Today's job is just to let Deuteronomy 18 say what it says, and to do the harder work of asking which items on its list have made their way, with new packaging, into your own life and the lives of those you love. The next nine days will give us the language and the courage to talk about it.

Going Deeper

List, privately and honestly, the spiritual practices that have any presence in your life or your home — apps, books, podcasts, jewelry, casual phrases ("the universe is telling me," "what's your sign?") that have come from beyond Christianity. Do not pre-judge any of them. Just take inventory. Tomorrow we will sit with Acts 19 again and ask what the Ephesian fire would look like in our own house.

Key Quotes

Modern man cannot live as if there is no spiritual reality. He has too much evidence inside himself to the contrary. So if he will not have the God of Scripture, he will reach for whatever spiritual experience is on offer — and there are always offers.

There are two equal and opposite errors into which our race can fall about the devils. One is to disbelieve in their existence. The other is to believe, and to feel an excessive and unhealthy interest in them. They themselves are equally pleased by both errors and hail a materialist or a magician with the same delight.

cs lewis, The Screwtape Letters, Preface

Astrology is the great superstition of our age. It is a serious matter, and it should not be lightly esteemed. The faithful are to flee it as a plague.

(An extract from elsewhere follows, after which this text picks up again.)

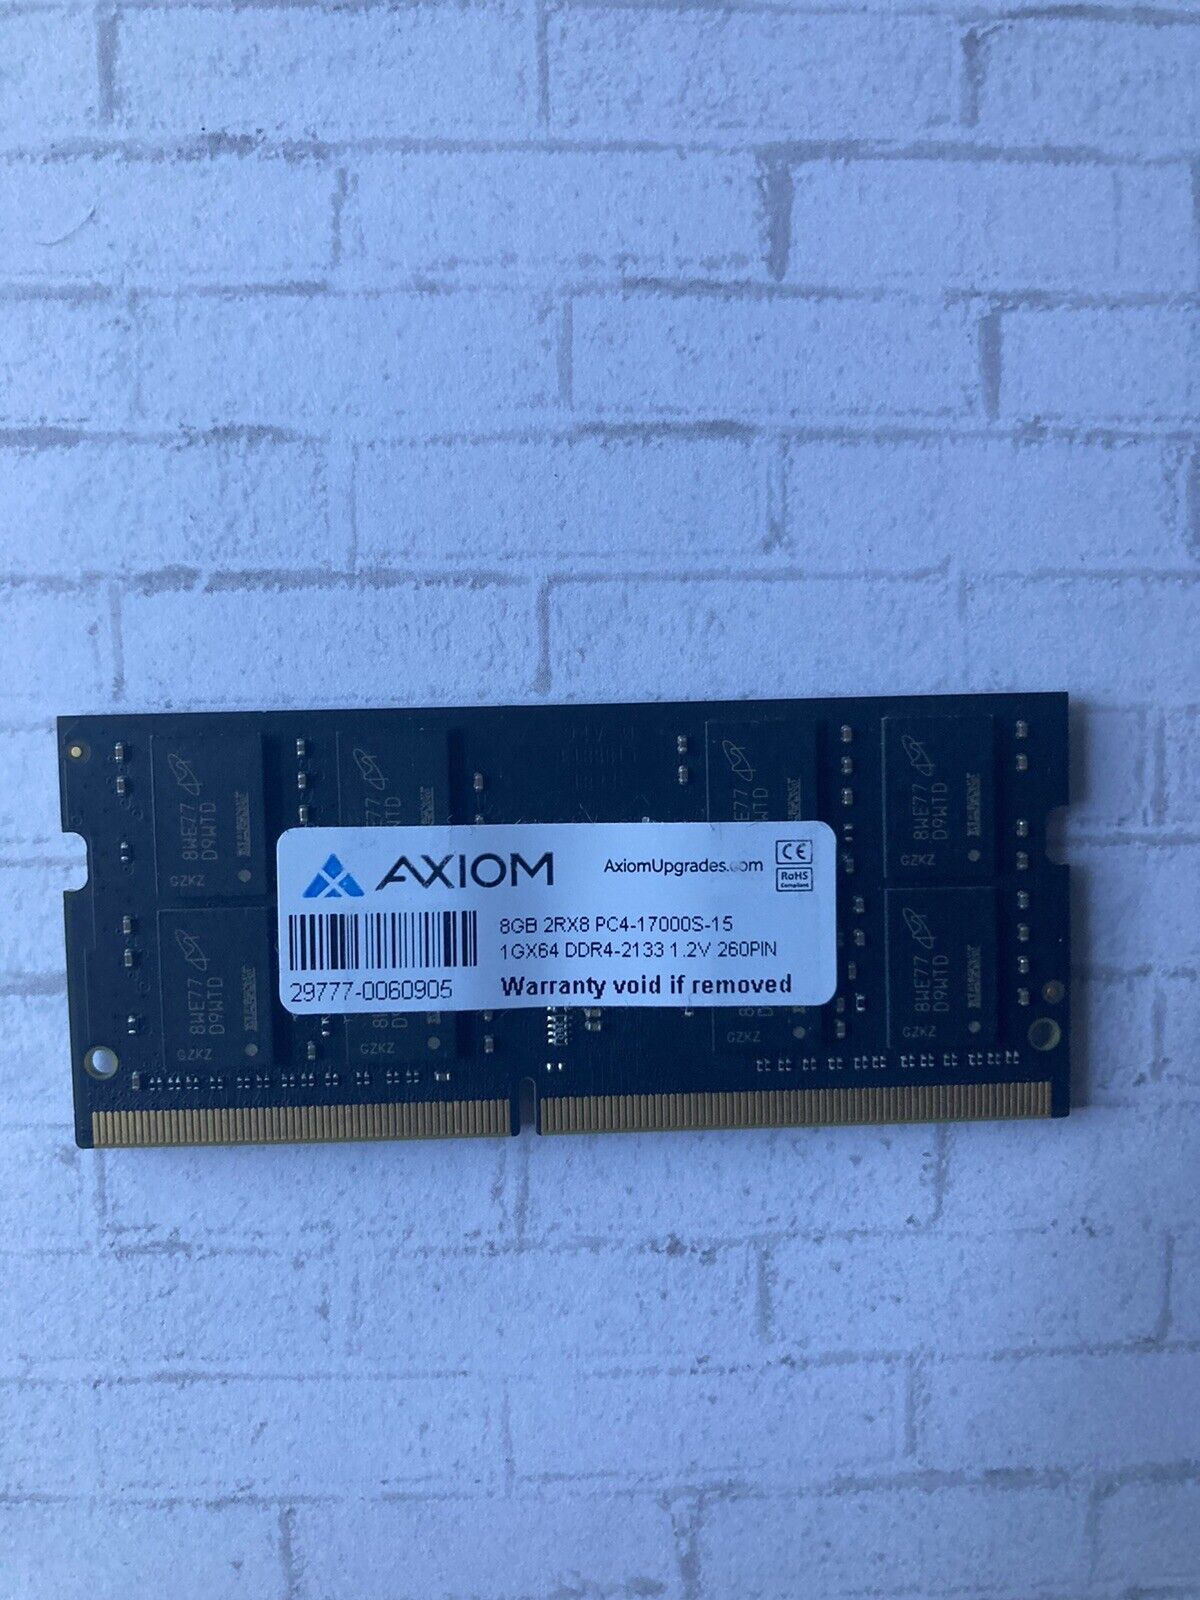 Axiom 8GB Ram pc4-17000 DDR4-2133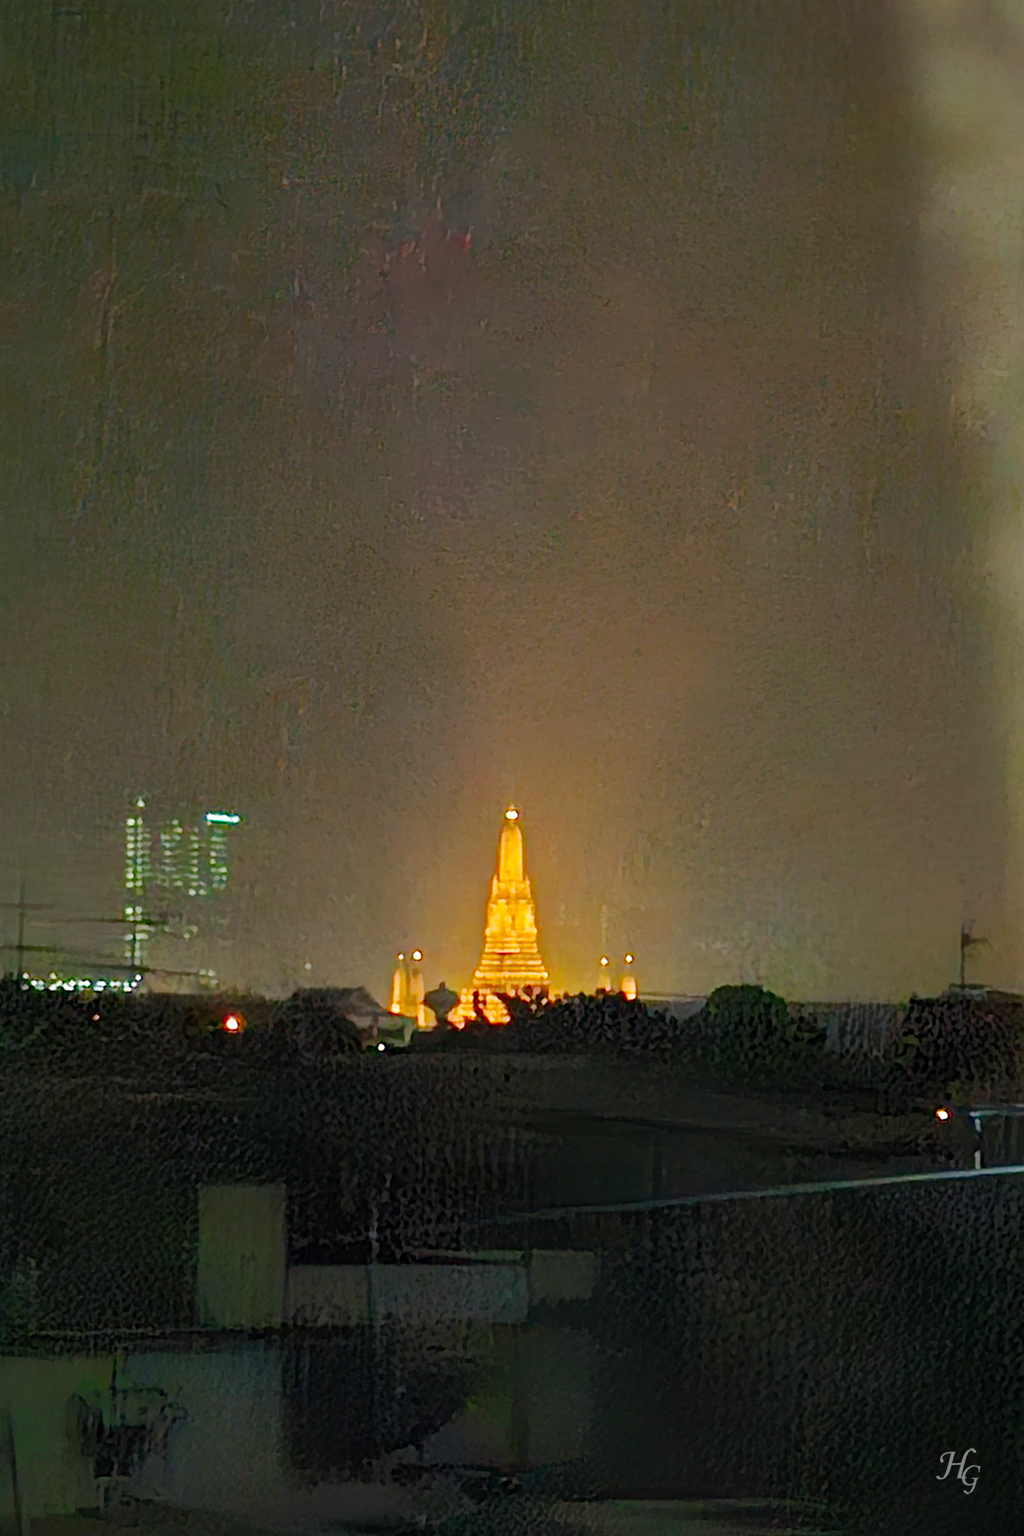 밤에 노랗게 빛나는 왓아룬 Wat Arun

john calvin, A Warning Against Judiciary Astrology and Other Prevalent Curiosities (1549)

Prayer Focus

Bring to God any spiritual practice in your own life — or in the life of someone close to you — that has begun to feel ordinary but that Deuteronomy 18 names as forbidden. Ask for clarity rather than condemnation.

Meditation

Schaeffer's diagnosis is that modern people who reject the God of Scripture do not become rational; they become spiritually hungry in unmoored ways. Where do you see this in your own friends, family, or yourself?

Question for Discussion

Acts 19 records new Christians at Ephesus burning their occult scrolls 'in the sight of all' — at huge financial cost. Most modern Christians, when convicted about these practices, quietly stop. What might be the difference, spiritually and practically, between a quiet stop and a public renunciation?